The .22 Magnum for Self-Defense, American Rifleman, 5/24/13, with test results

Discussion in 'Self Defense Tactics & Weapons' started by mjp28, Jun 2, 2013.

  1. mjp28

    mjp28 Well-Known Member

    Dec 17, 2011
    anytown, OHIO
    The .22 Magnum for Self-Defense, American Rifleman, 5/24/13, with test results

    (This is a great article in this month's AR magazine, even comparing the .22MAG with the 9MM and .45ACP...interesting results!)

    Due to its light recoil, even a novice shooter can deliver six accurate shots in seconds from a lightweight, .22 WMR revolver.
    By Richard Mann

    A practical personal protection plan should include a handgun, but that handgun should, without question, be one you’re comfortable with. As you become more experienced you’ll have the opportunity to further evaluate the situation and trade-up as your comfort and skill levels increase. For some, a .22 Winchester Magnum Rimfire (WMR) might be the best place to start. It’s also affordable, readily available and relatively easy to shoot.

    The .22 WMR is just one of many cartridges that comes in handguns sized for personal protection or concealed carry. A compact and light handgun like Ruger’s new 16-ounce LCR is a perfect example of a carry-size .22 WMR revolver. For those who want to carry the smallest handgun possible, North American Arms’ less-than-6-ounces Mini-Revolvers, with 1-inch barrels, are about as small as small gets.......CONTINUED IN LINK......

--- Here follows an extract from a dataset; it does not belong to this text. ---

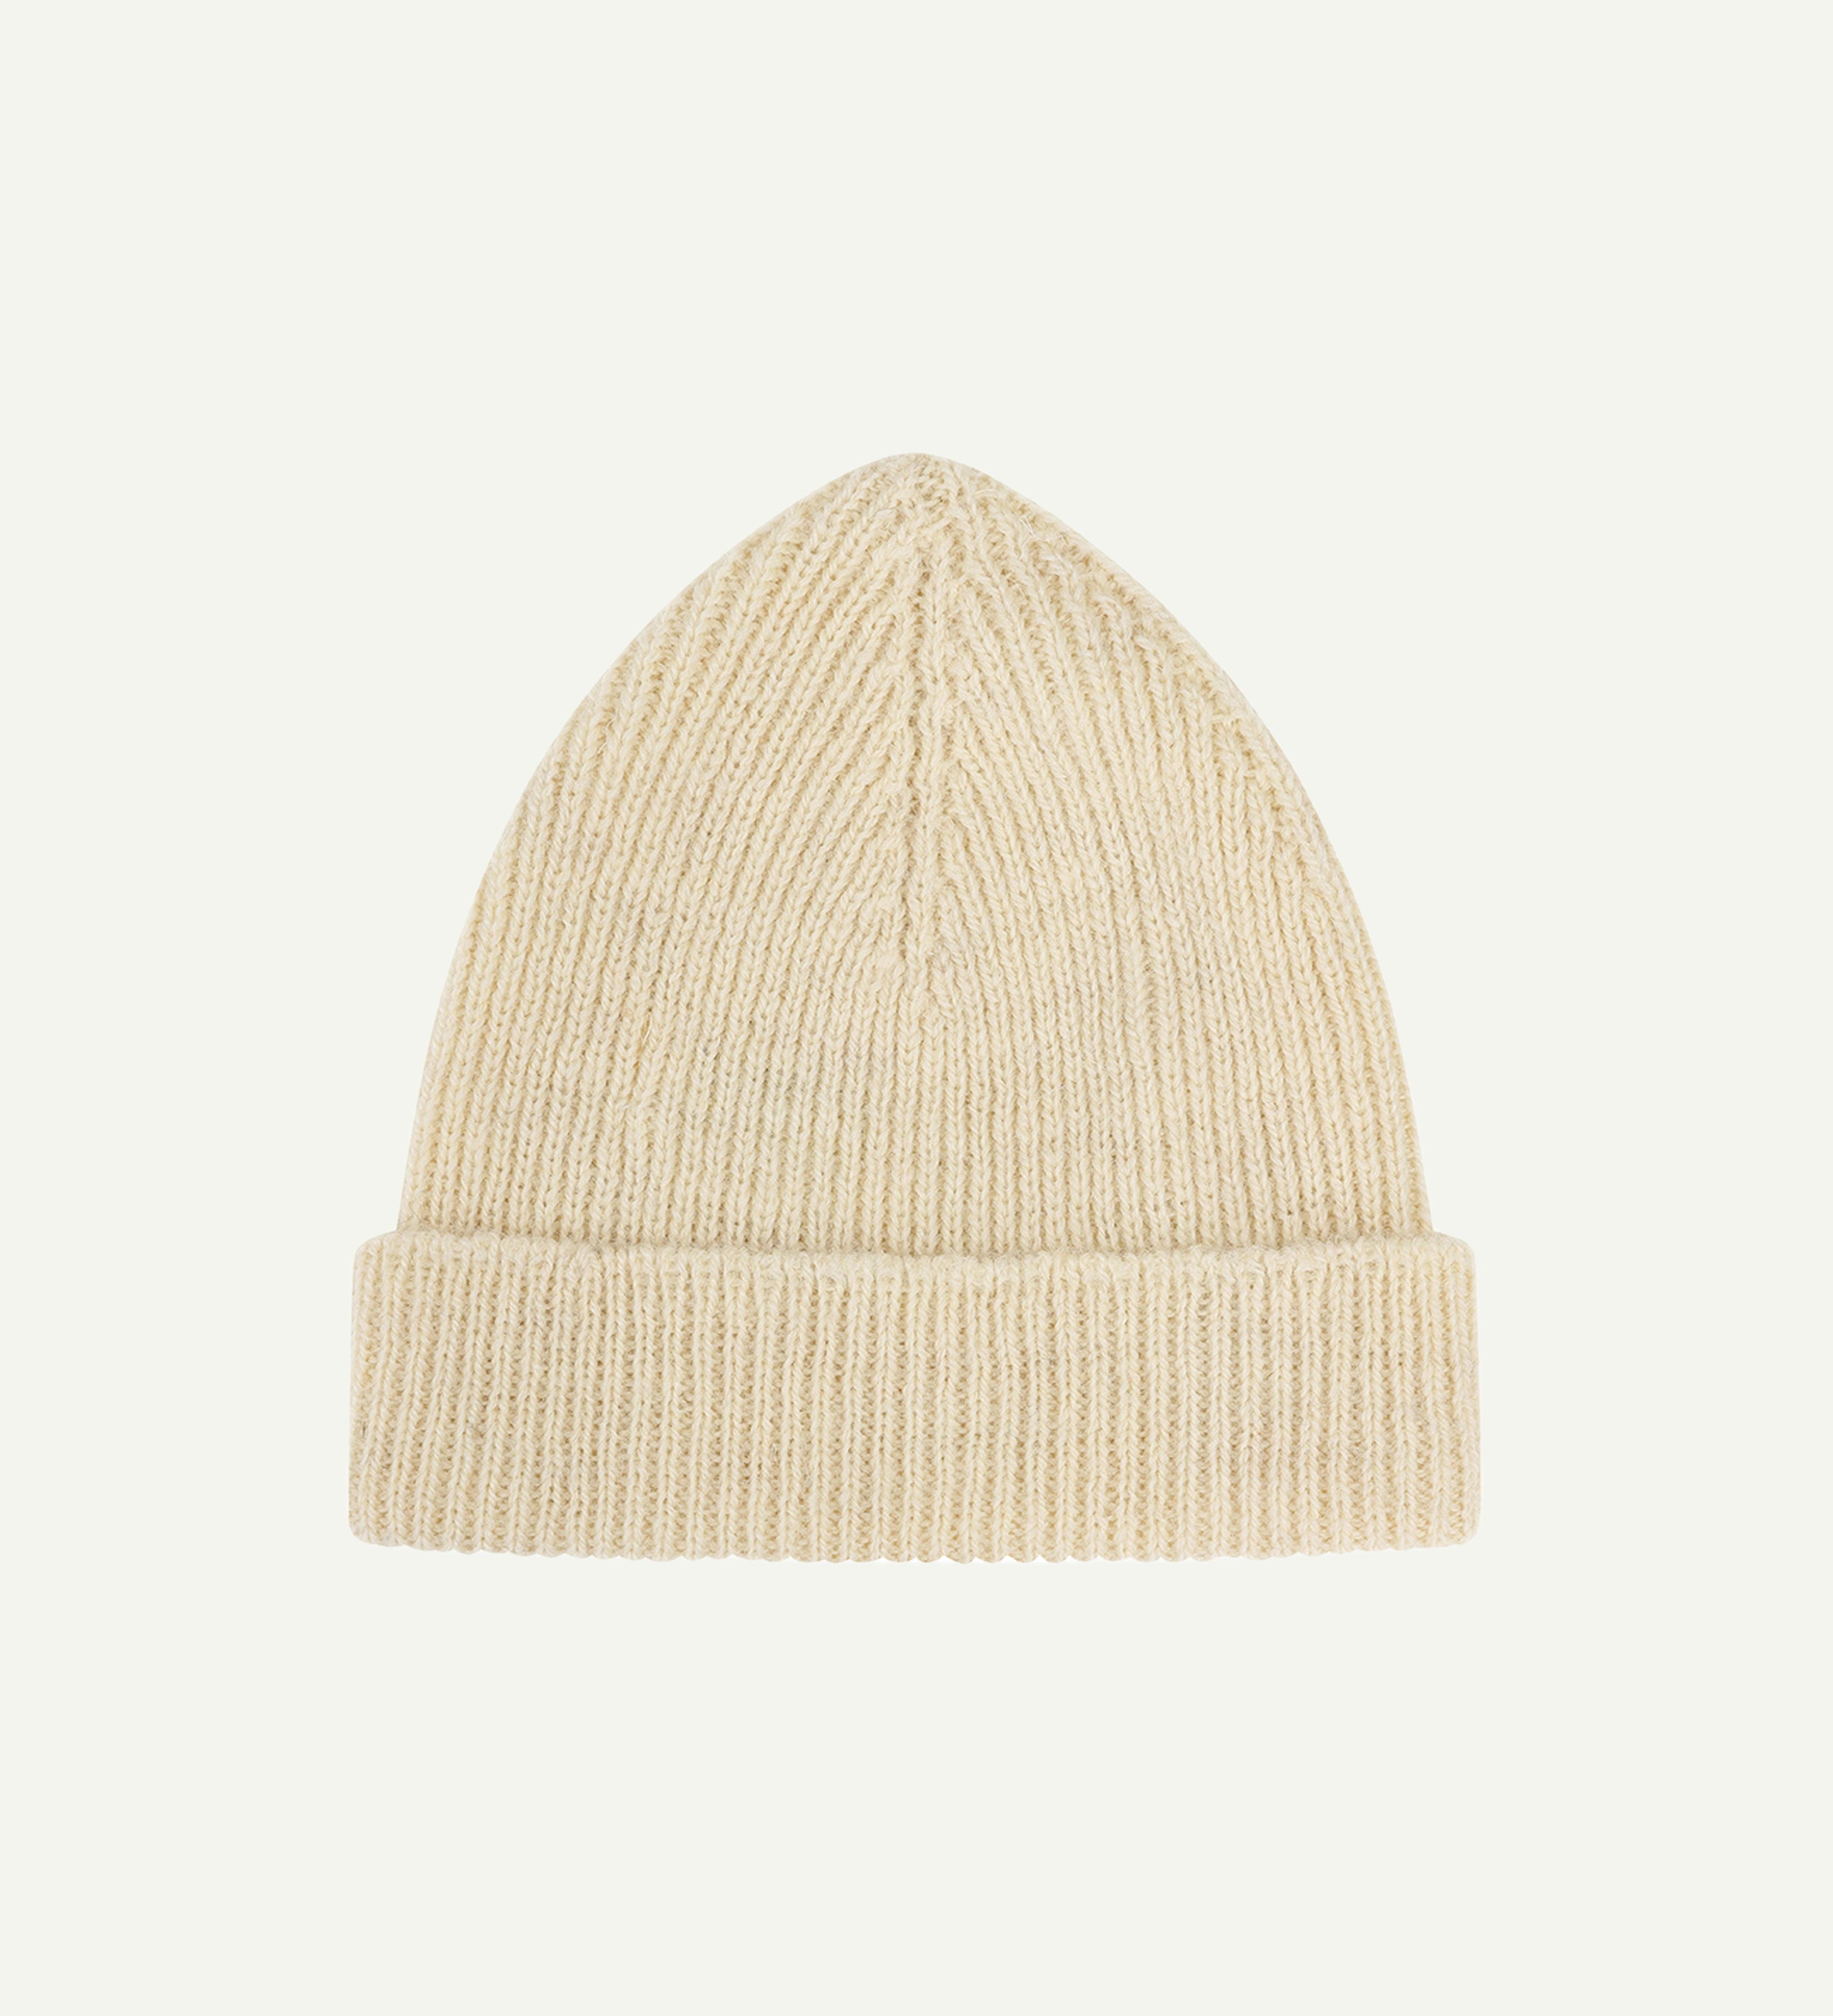 Flat view of Uskees 4005 undyed 'light oat' pale beige coloured wool hat, with clear view of adjustable cuff.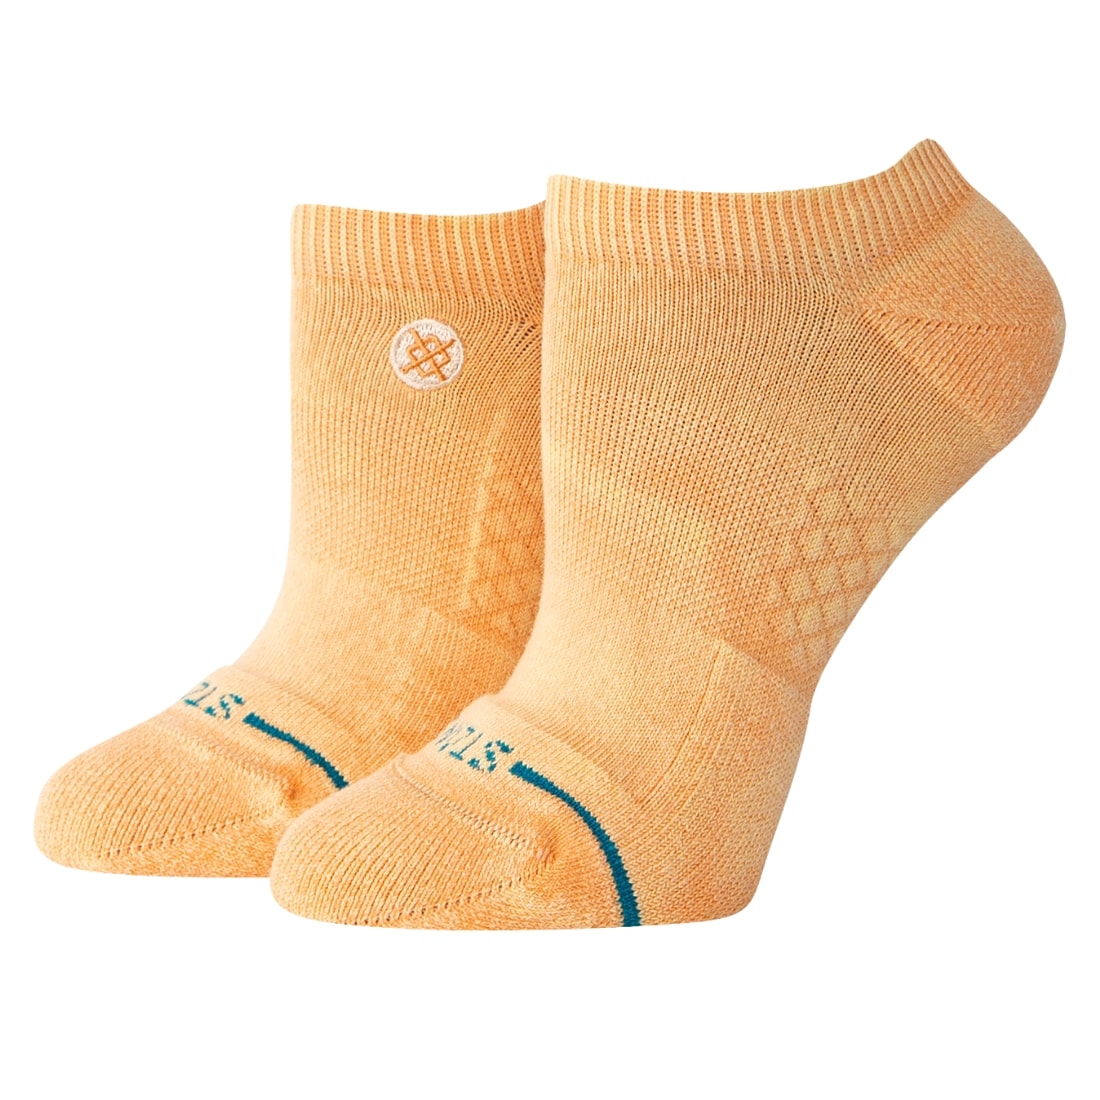 Stance Womens Peach Wash Socks - Peach - Womens Low Ankle Socks by Stance M (UK6-8.5)

    (Oh the Ruger LCR WMR is a beautiful gun, now a NA with a 1" barrel, well might pass unless you really want something tiny!)
    Last edited: Jun 2, 2013
  2. mjp28

    mjp28 Well-Known Member

    Dec 17, 2011
    anytown, OHIO
    Way back at my old house I did my own tests, got my 55 gal. drum we burned in and got out a bunch of ammo and guns to try out.

    .22 .22MAG .25 .38 pistols and my .22 Win 290 rifle and 20 ga shotgun.

    Well ammo does make a difference of course, kind of fun shooting a 20 ga "pumpkin ball", 00, and FMJ vs hollow points, birdshot and whatever else was around.

    I was really impressed with the .22MAG and not impressed with a little .25 auto. Brand new cheap little piece of Italian made junk jammed on shot #1, scratch that for a defensive weapon.

    Loved my first gun I ever bought a Winchester 290 .22 21S/17L/15LR as fast as you can pull the never forget your first. :D

    Oh those were fun years, shooting in your backyard anytime you wanted. :)

  3. flboots

    flboots Well-Known Member

    Aug 21, 2012
    Northeast Florida
    This is a good informative article. One thing I don't agree with in the article, was the statement that unlike hunters that shoot to kill, people try to wound to stop the BG. I was taught "Never pull a gun unless your going to shoot. If you shoot, shoot to kill." I have passed this down to my son. Also treat every gun as loaded. Pulling a gun should be the last resort.
  4. Iron Eagle

    Iron Eagle Well-Known Member

    Feb 17, 2012
    A dead intruder can't return to your house to try again- AS LONG AS YOU ARE WITHIN YOUR RIGHTS TO USE A PARTICULAR LEVEL OF FORCE. If you have to end a life, part of the fallout is having to live with that choice, not to mention all of the legal ramifications.
  5. mjp28

    mjp28 Well-Known Member

    Dec 17, 2011
    anytown, OHIO
    I agree unless it's a really unusual situation. Think fast you might have one chance. (like a stumbling drunk who is unarmed, etc,) don't fire unless you have no other choice, if you do be prepared to do "what's necessary", even drop the BG cold.

    When I showed people my guns that never shot I had my cardinal rules:

    1. Most important TREAT EVERY GUN AS IF IT'S LOADED, no matter what.
    2. Never point it at anything unless it's your target.
    3. NEVER pull the trigger unless you want that gun to fire.
    4. Maybe as important as #1, NEVER pull out a gun unless you're ready and able to fire it! If you pull it you've just escallated the situation....the other guy might just pull his gun and fire or charge you.

    When/if possible run away!

    And the article did say just having a pulled gun may cause the BG to take off running -but- that's not a 100% guarantee!
    Last edited: Jun 3, 2013
  6. carver

    carver Moderator Supporting Member

    I bought my wife a Taurus PT22 because she is very recoil sensitive, but she's not strong enough to pull the trigger on these little .22s. The Ruger LCR trigger is no better. I have an old SA/DA Taurus .22LR revolver that she has no problems with. I might look into the Taurus ULTRA-LITE Model 941 .22 mag. And it's only $500. Just because these little guns are light weight, and small, does not mean that handicapped people, or small people, can handle/shoot them.